# Advice for a surf fishing noobie



## GooseCommanderozz (Feb 17, 2012)

I've never really fished the surf before and I was wanting some advice on catching whiting, trout, anything good to eat. I'll be in crystal beach this weekend with some friends and was wanting to look like I know what I'm doing. I'm bringing some tout rods, some offshore rods, and some surf spinning rods. What's the best way to fish for whiting and trout in the surf? Only reason I'm bringing offshore rods is if I accidentally hook up with a shark. Any advice on bait, tackle, etc would be greatly appreciated!


----------



## Instigator (Jul 6, 2004)

Trout rods or smaller for whiting. Live, fresh dead or frozen shrimp will get the job done on them. I usually buy inexpensive head on white table shrimp from an Asian grocery and then what doesn't get used for bait is dinner. Of those 3 choices live is best for trout but you can pick up a few on dead/frozen. Fresh cut bait on the bottom will get you reds and gafftop. The catfish get a lot of bad PR because they're slimy but if you like fried channel cats you'll really like these. You'll probably catch plenty of whiting and small croaker for bait but if the mullet are in then cast net some of those. Drop your cut baits on the depth change just in front of and just past the bars. Free line your shrimp with as little weight as you can cast or use a popping cork. Fish moving water on a changing tide and you should have more whiting and gafftop than you want to clean. The other stuff is more hit or miss.


----------



## Mr. Saltwater (Oct 5, 2012)

For Whiting use a Carolina rig with a 1/2 oz. worm weight and a #8 treble hook on a 12" mono leader... baited with dead shrimp in the first or second gut. Lot of fun on light tackle, good eating, and no limit.


----------



## Mr. Saltwater (Oct 5, 2012)

Mr. Saltwater said:


> For Whiting use a Carolina rig with a 1/2 oz. worm weight and a #8 treble hook on a 12" mono leader... baited with dead shrimp in the first or second gut. Lot of fun on light tackle, good eating, and no limit.

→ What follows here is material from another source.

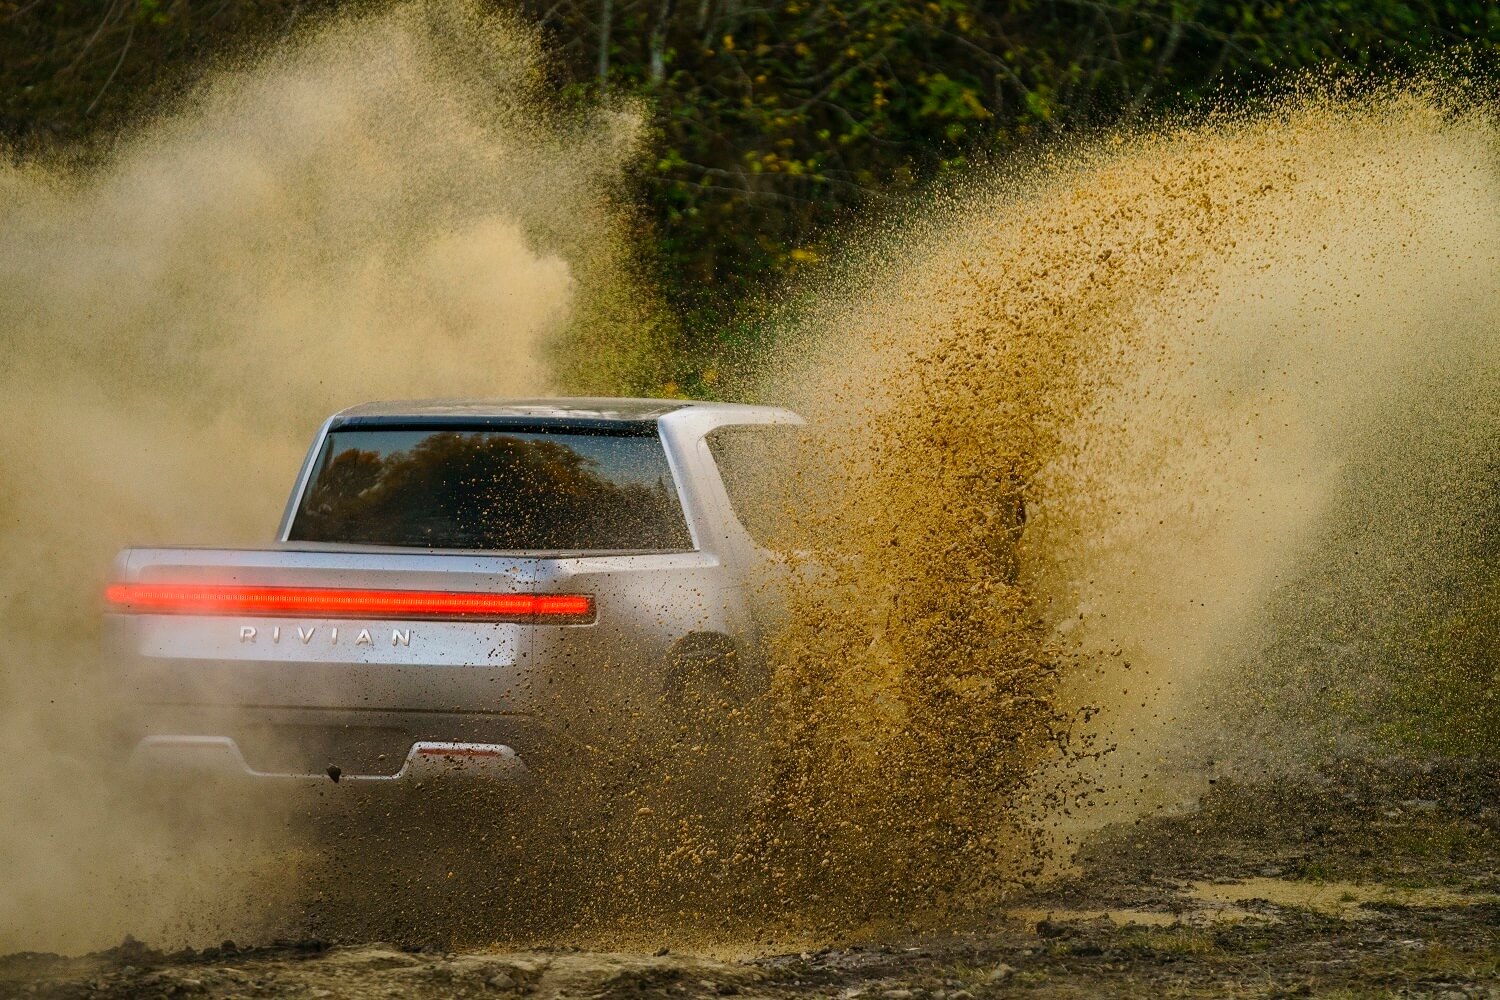 A Rivian R1T electric truck racing across a dirt road, dust visible in the foreground.

The same rig with live shrimp, mud minnows, or finger mullet will catch trout, reds, flounder, and a lot less hardheads. Be sure to some long handled fish grabbers for hardheads...they can ruin a weekend if they stick you bad.


----------



## GooseCommanderozz (Feb 17, 2012)

Yea hardheads and gaff tops are no Bueno for me, I've been finned a few times when I was little. I've always fished the bay and marsh but surf is a whole new game to me. Is there a place around crystal beach to get live bait? I know the gas station in high island has frozen shrimp but I've never seen a bait shop. Sorry for all the stupid questions but the surf is all new to me.


----------



## Mr. Saltwater (Oct 5, 2012)

Couldn't tell you about bait shops down that way...haven't fished that far North in many years. If you can throw a cast net and catch some 3-4" finger mullet they work great.

Lots of good info on the forum if you use the "search". 
I recommend this thread:
http://2coolfishing.com/ttmbforum/showthread.php?t=579274&highlight=surf+rig


----------



## ronnie collins (May 21, 2004)

Blue Water Bait Camp has Flags flying, letting you Know what they have, on there bill board at O'Neil Rd. and 87. O'Neil is a street East of Bamboo Beach Bar( big blue building). Theres a place at Rollover Pass, forget the name.


----------



## sharkinaggie (Jan 21, 2008)

If you are wanting to catch whiting, leave the shrimp (and anything else for that matter) at the bait stand and pick your self up some fish bites in the shrimp flavor. Use a fish finder rig or a double drop with a couple of small circle hooks. If the whiting are around, you will be wearing them out while your buddies are getting their shrimp stolen. The fish bites stay on your hook about 1,000x's better than shrimp and will also allow you to catch reds and drum as well. Just cast out right behind or right in front of the first bar (depending on where the tide is at) and wait. Easiest fishing in the book!

-SA


----------